Each top-level `for`-loop in a kernel is a separate offloaded task, and each offloaded task becomes one GPU kernel. So
the three-loop `k1` in the earlier **qd.kernel** section launches three GPU kernels every time you call it. Every launch
carries a fixed overhead that is independent of how much data the kernel processes — that per-launch overhead is the
"kernel launch latency" this guide keeps referring to. When a kernel crunches a lot of data the overhead is negligible;
when it does little work, or when you relaunch small kernels many times in a loop, launch latency can dominate the total
runtime.

### Where kernel launch latency comes from

It helps to split the latency of a single launch into three parts:

- **Python side.** Everything that happens in the Python interpreter before control reaches Quadrants' C++ runtime.
This is the most expensive of the three per call, and it is paid once per *Python* call — so a Python `while`/`for`
loop that calls a kernel N times pays it N times.
- **C++ side.** Work inside the Quadrants runtime (C++) once control has crossed the boundary. Cheaper than the Python
side, but non-zero, and paid per offloaded task.
- **GPU / driver side.** The GPU driver's own cost to place the kernel on a stream, plus the fixed scheduling latency on
the GPU itself before the kernel begins running on the hardware.

Graphs attack all three. Capturing a sequence of launches into a graph and replaying it collapses many separate launches
into a single graph launch, so on hardware-accelerated backends you pay the Python and C++ per-task costs once when the
graph is built, and then only a single graph launch per call.

### Latency hiding

Because host and GPU run asynchronously, kernel launches overlap with kernel execution: the host can be issuing the next
launch while earlier kernels are still running on the GPU. As long as the host issues launches at least as fast as the
GPU drains them, the queue never empties, the GPU stays busy, and the launch latency is fully *hidden* behind execution.

So reducing launch latency does not always improve overall throughput. When each kernel runs long enough that
its execution time exceeds the launch overhead, the GPU is the bottleneck and shaving launch latency changes nothing —
the launches were already hidden behind execution.

Kernel launch latency matters when kernels are relatively small. Then the GPU can finish a kernel before the host has issued the next one,
so the GPU sits idle waiting for the next launch and the launch latency is *exposed* on the critical path. In that
regime, cutting launch latency — for example by collapsing many launches into a single graph — can directly increase
throughput.

### Why graph_do_while can help slightly even without hardware support

Recall the earlier example **A while loop, conditional on a device-side scalar tensor**. Written as a plain Python loop,
every iteration pays the full Python-side launch latency: Python re-enters the kernel wrapper, and Python itself reads
`cond[()]` and evaluates the `if` before deciding whether to loop again.

On hardware with native device-side conditional graph nodes, `graph_do_while` removes the host from the loop entirely —
the ideal case.

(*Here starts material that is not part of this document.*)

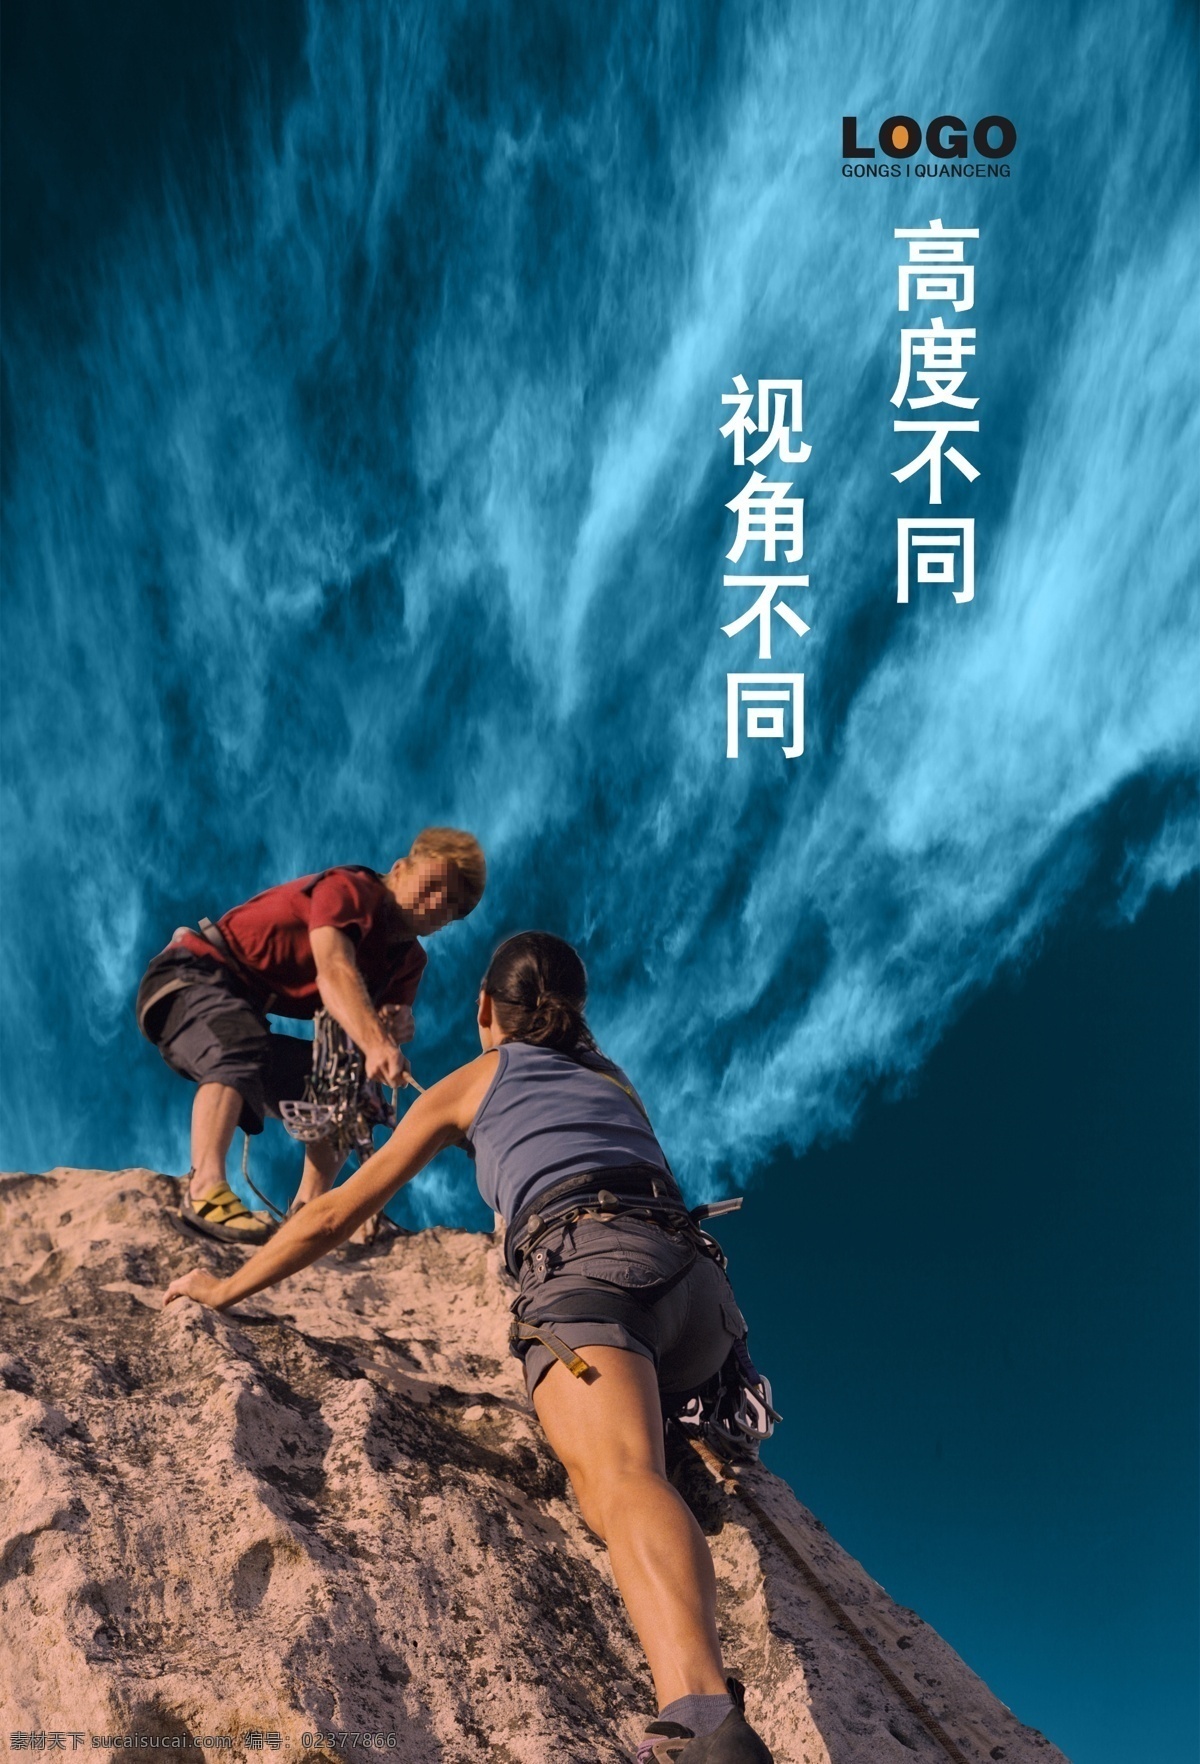 企业形象 商业广告 登山 攀岩 协助 合作 互助 岩石 云 广告设计模板 源文件
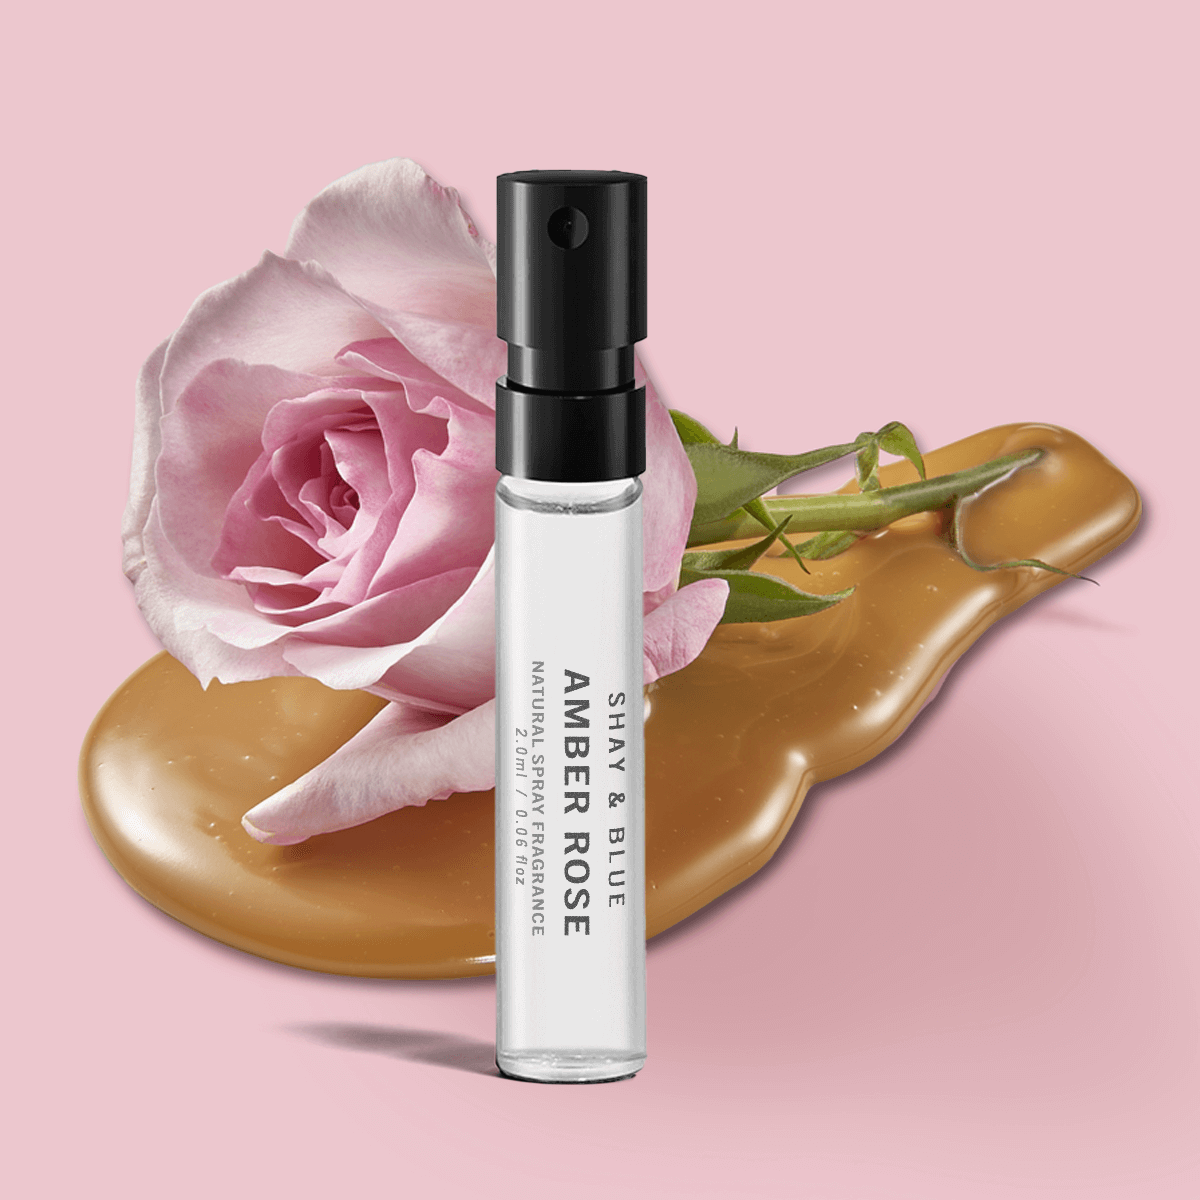 Amber Rose Fragrance 2ml | Nieuw seizoen meiroos is gemengd met witte amber en zoete romige noten. | Schone geur voor alle seksen | Shay & Blue

But even on hardware *without* that support — where `graph_do_while` falls back to a host-side do-while
loop (see [Backend support](#backend-support)) — the launch latency can be slightly reduced compared to the hand-written
Python version, because the fallback loop is driven entirely in the C++ runtime rather than in Python. A single Python call enters the
runtime, and the runtime then repeats internally: launch the loop body's tasks, read back the condition flag, and decide
whether to iterate again — all in C++, with no trip back through the Python interpreter between iterations.